*What you are asked to do*:
For the entries below, print exactly the lines between the line holding "DIY :: Upcycled" and the line holding "Scholarship Cover Letter", inclusive, and nothing else.

+++ Source data +++

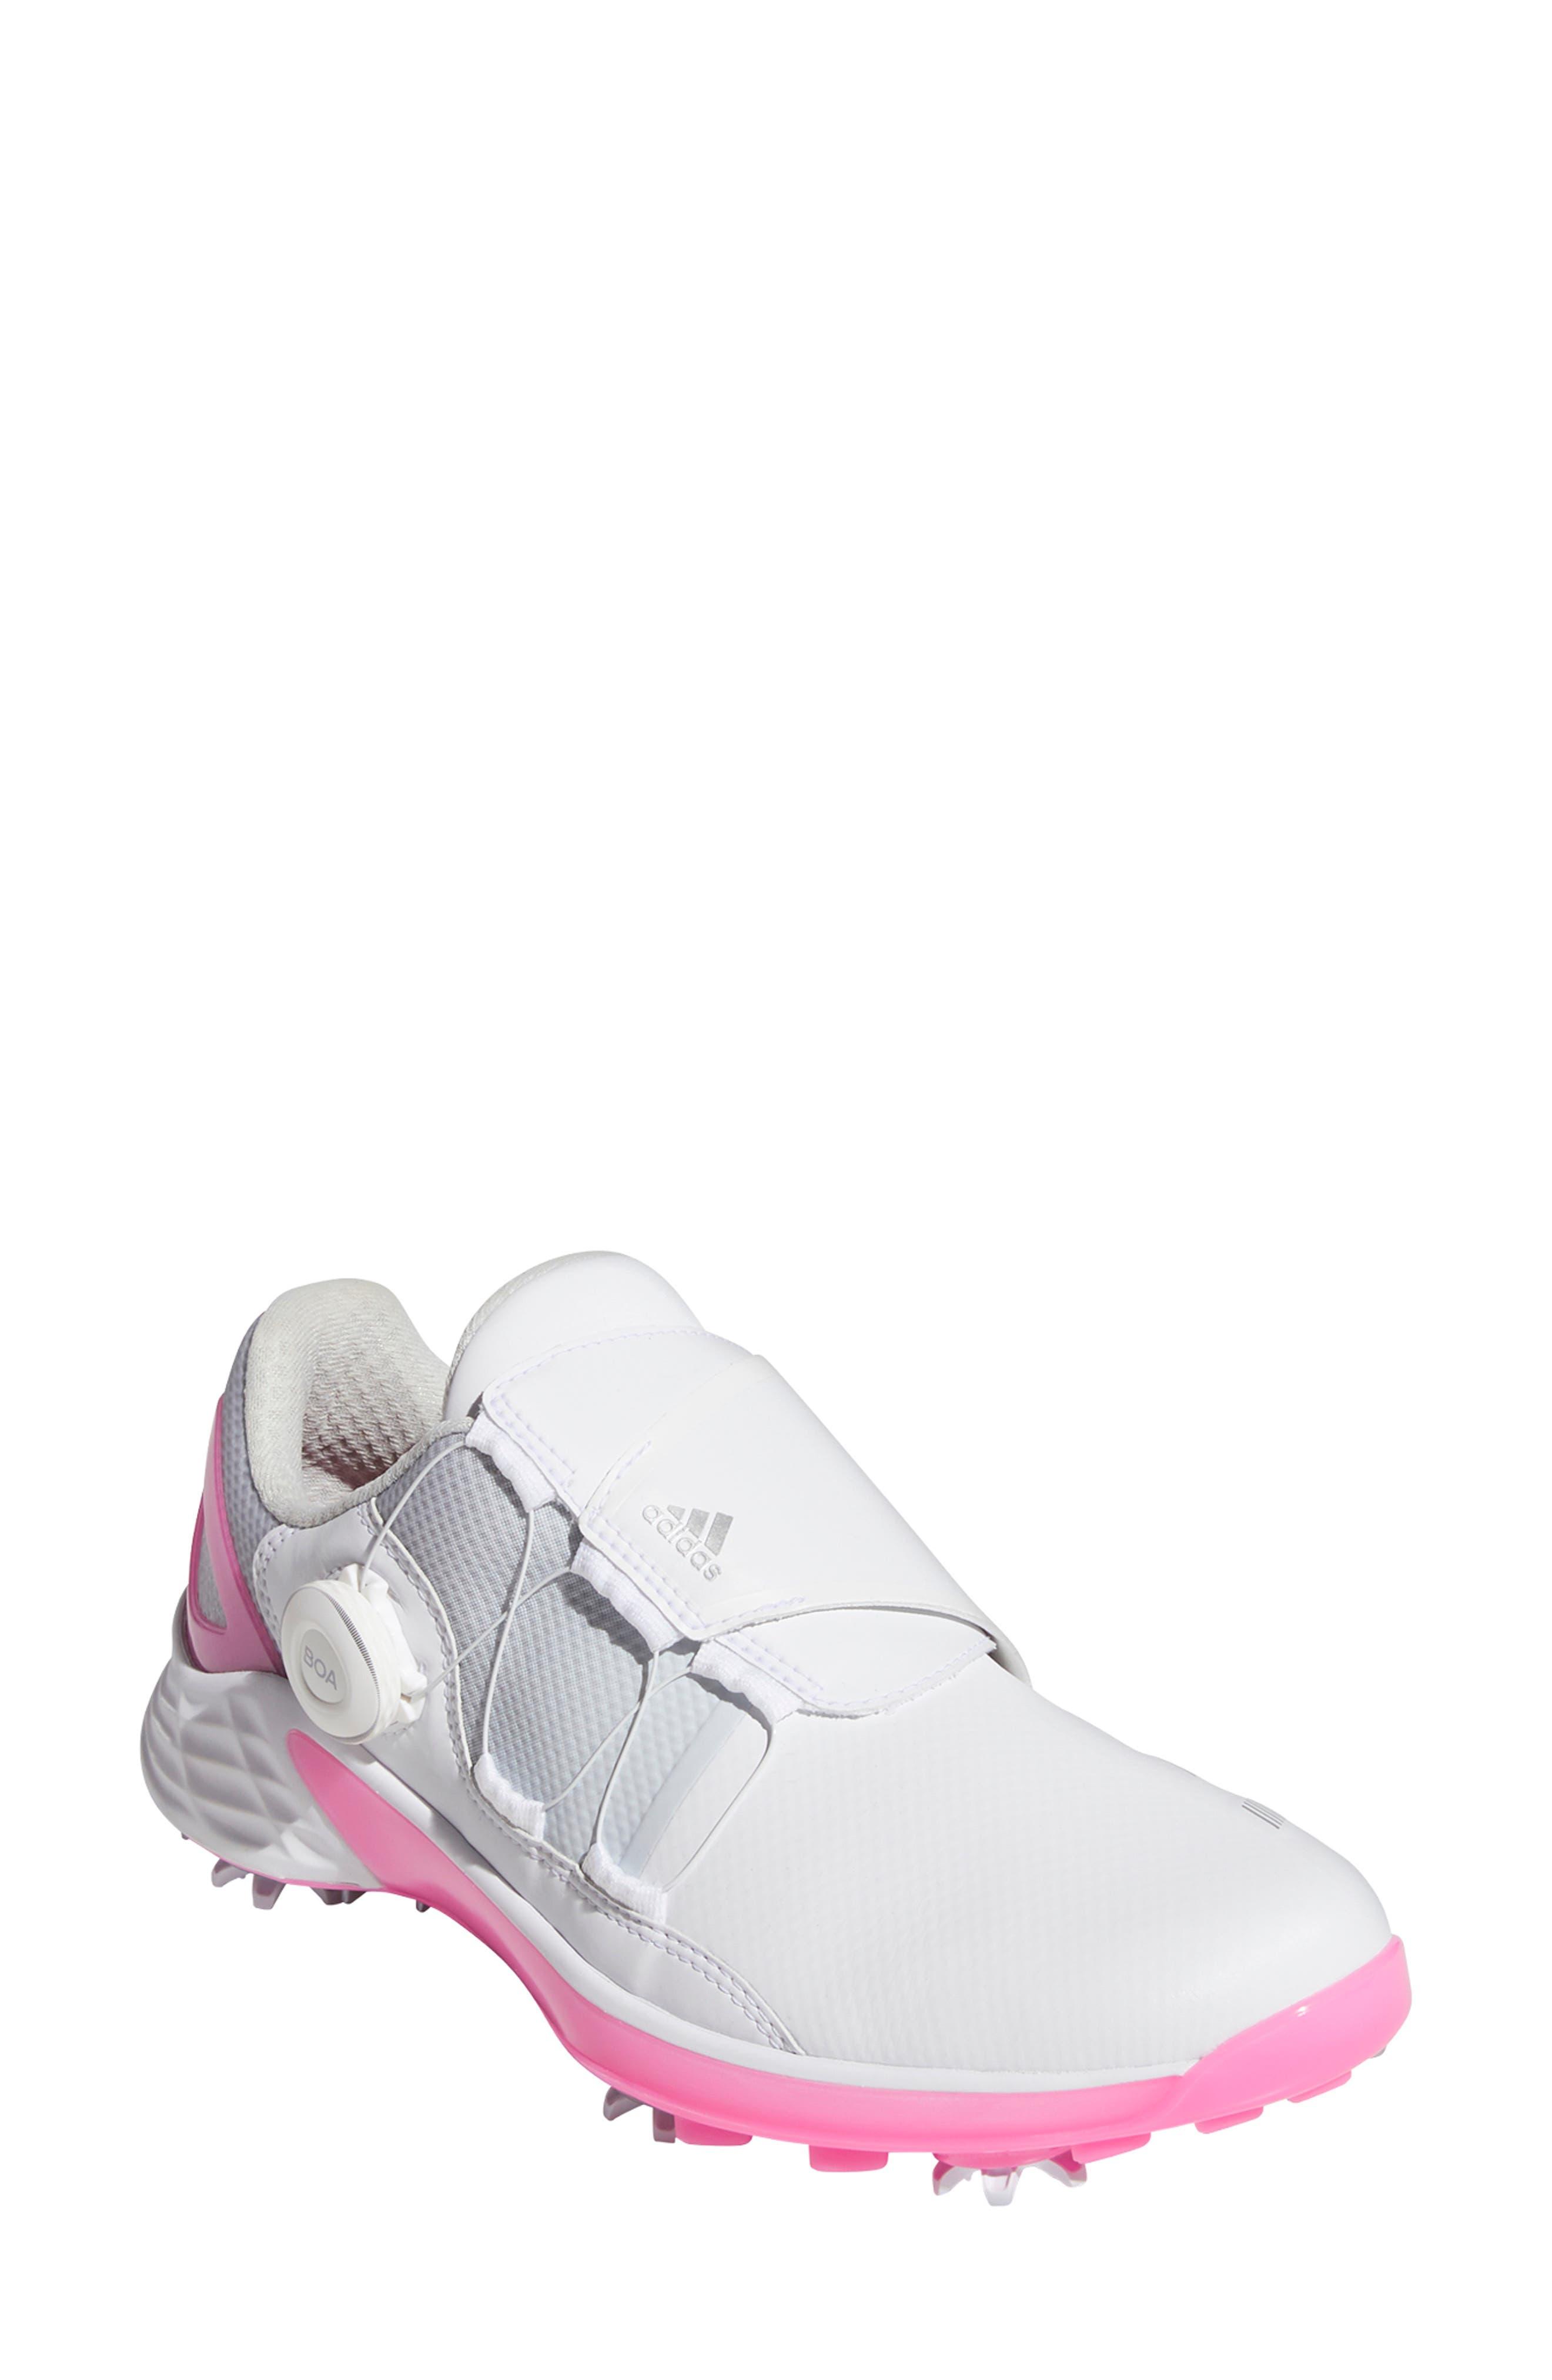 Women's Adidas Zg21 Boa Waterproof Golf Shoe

+++
+++ Source data +++

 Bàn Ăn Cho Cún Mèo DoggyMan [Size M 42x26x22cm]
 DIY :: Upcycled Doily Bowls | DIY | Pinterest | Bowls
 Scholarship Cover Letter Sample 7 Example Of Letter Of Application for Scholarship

+++
+++ Source data +++

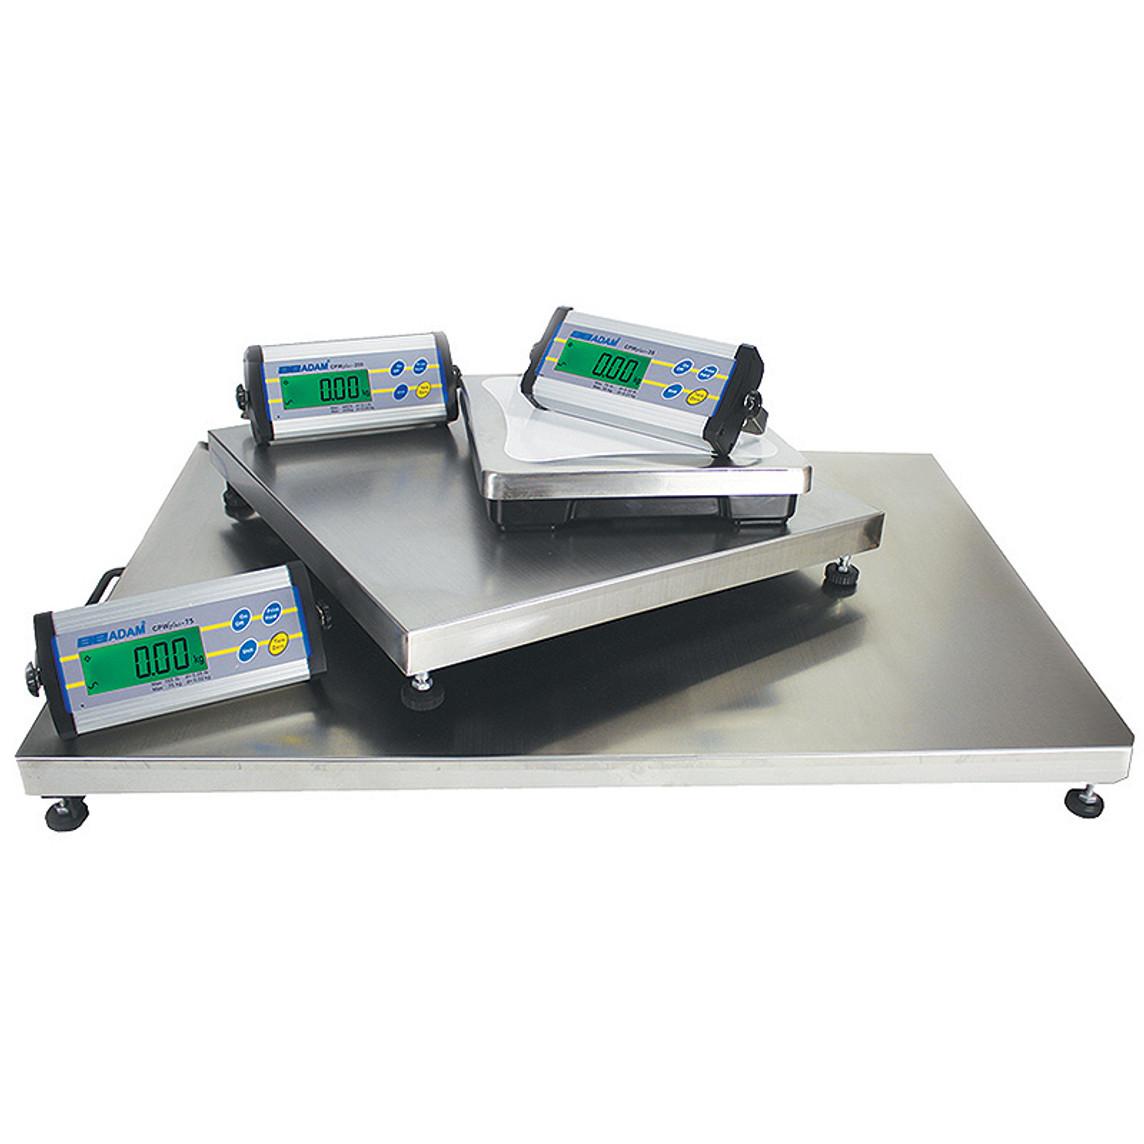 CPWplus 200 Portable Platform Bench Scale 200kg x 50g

+++

*Answer*:
 DIY :: Upcycled Doily Bowls | DIY | Pinterest | Bowls
 Scholarship Cover Letter Sample 7 Example Of Letter Of Application for Scholarship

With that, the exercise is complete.